Circumcision is the surgical excision of all or part of the prepuce (foreskin). There are different techniques and instrument is used for Circumcision. This article will list down each of the Instruments used for Circumcision. 

What Instrument is Used for Circumcision?

Clamp and shield

The Mogen clamp is the prototype shield and clamp method. The prepuce is pulled out distal to the glans and a metal shield is slid over it directly distal to the glans in this manner. The superfluous prepuce distal to the shield is removed using a scalpel. The shield protects the glans, and the frenulum is not affected by the excision. After that, the inner preputial layer can be split back beyond the glans and removed, ensuring that the glans are fully exposed after healing.
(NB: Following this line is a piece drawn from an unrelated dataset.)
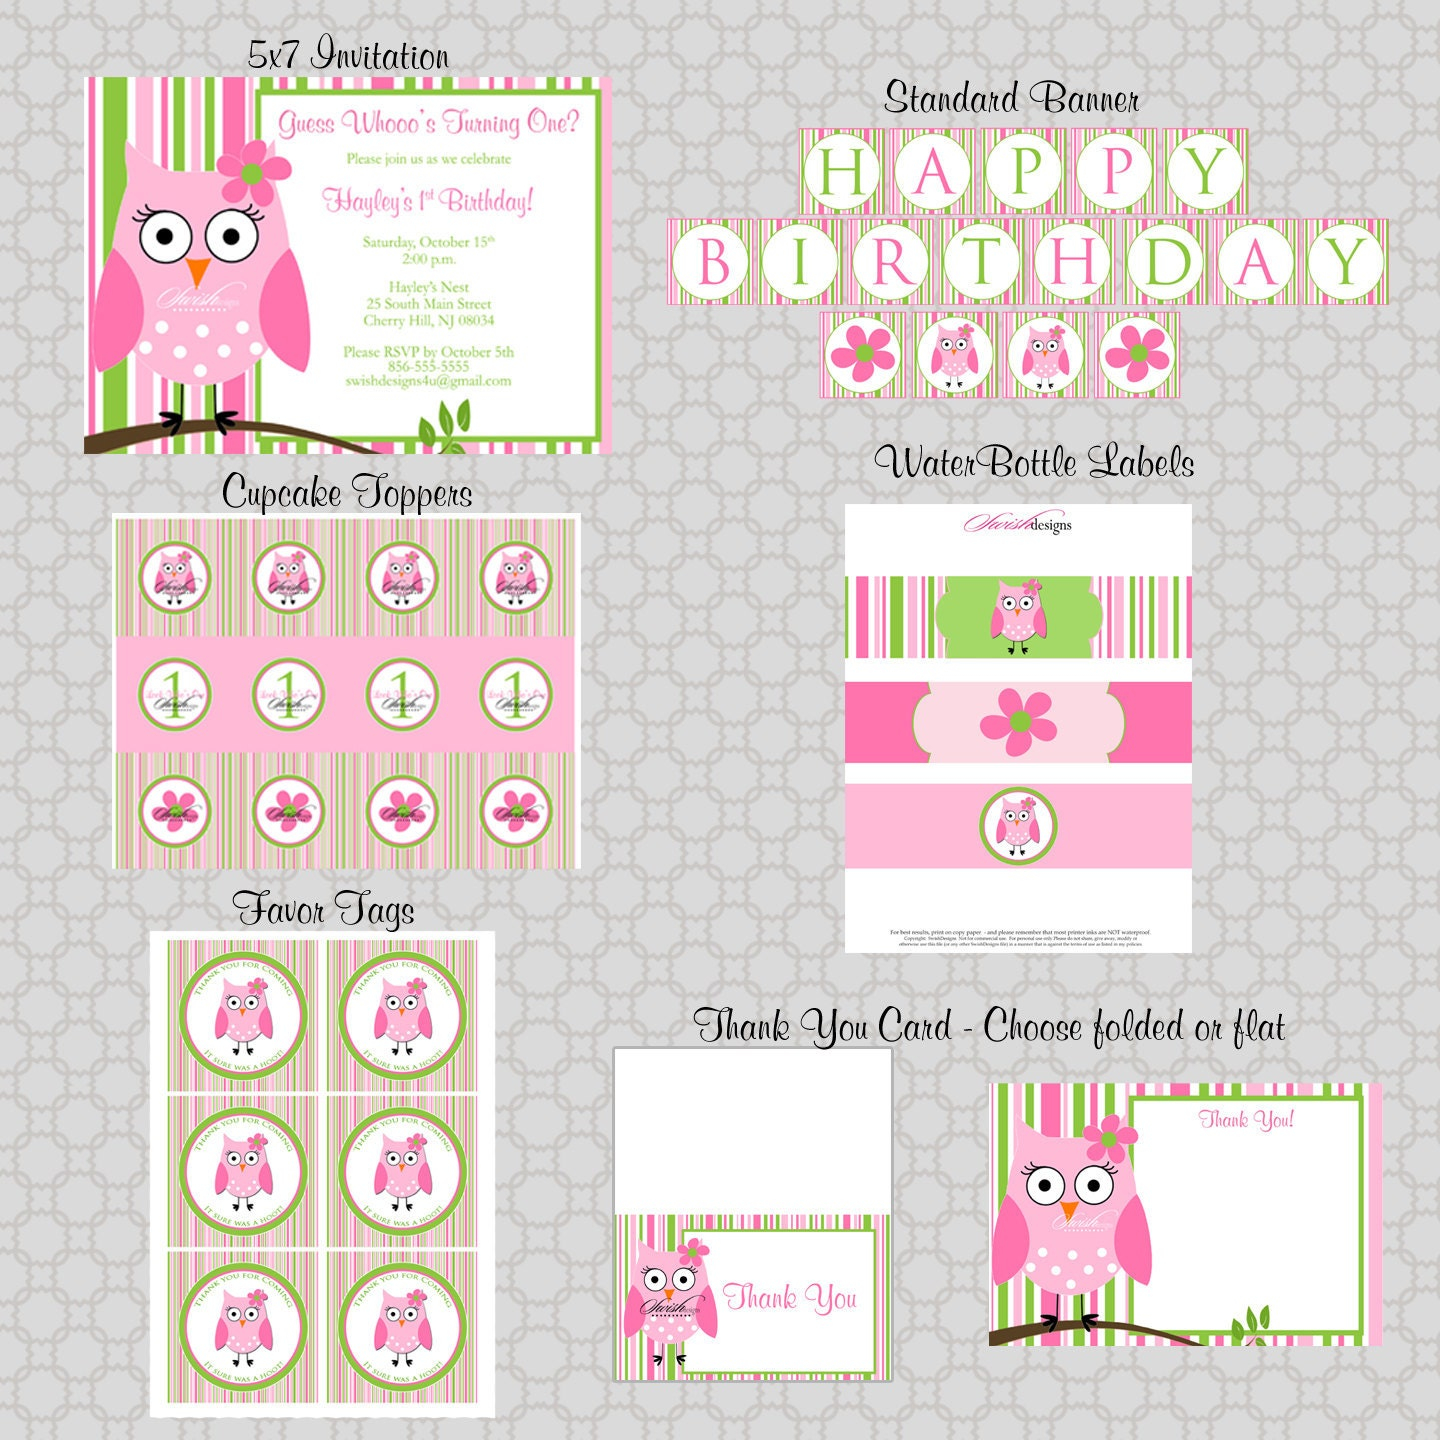 Owl Birthday Party Printables

The wound is merely bandaged to achieve hemostasis and no stitches are used. The glans and frenulum are protected from the knife and thus do not come into contact with it. The glans and urethrocutaneous fistula are rarely injured; however, bleeding is a serious risk with this approach.

Also Read: Circumcision Surgery in Bangalore | ZSR Circumcision Surgery


A plastic bell with a groove on the back is slipped between the glans and the prepuce; a dorsal incision is usually required to position the bell. The prepuce is pushed forward slightly, and suture material is wrapped around and secured tightly in the groove. The suture severs the blood supply to the prepuce distal to the groove, causing it to wither and fall off after 7-10 days. The two main problems of this method are glans necrosis and the failure of the prepuce to fall off. The main cause of these issues is an incorrect bell size and insufficient sutures across the prepuce. Its key benefit is that it has a reduced risk of bleeding.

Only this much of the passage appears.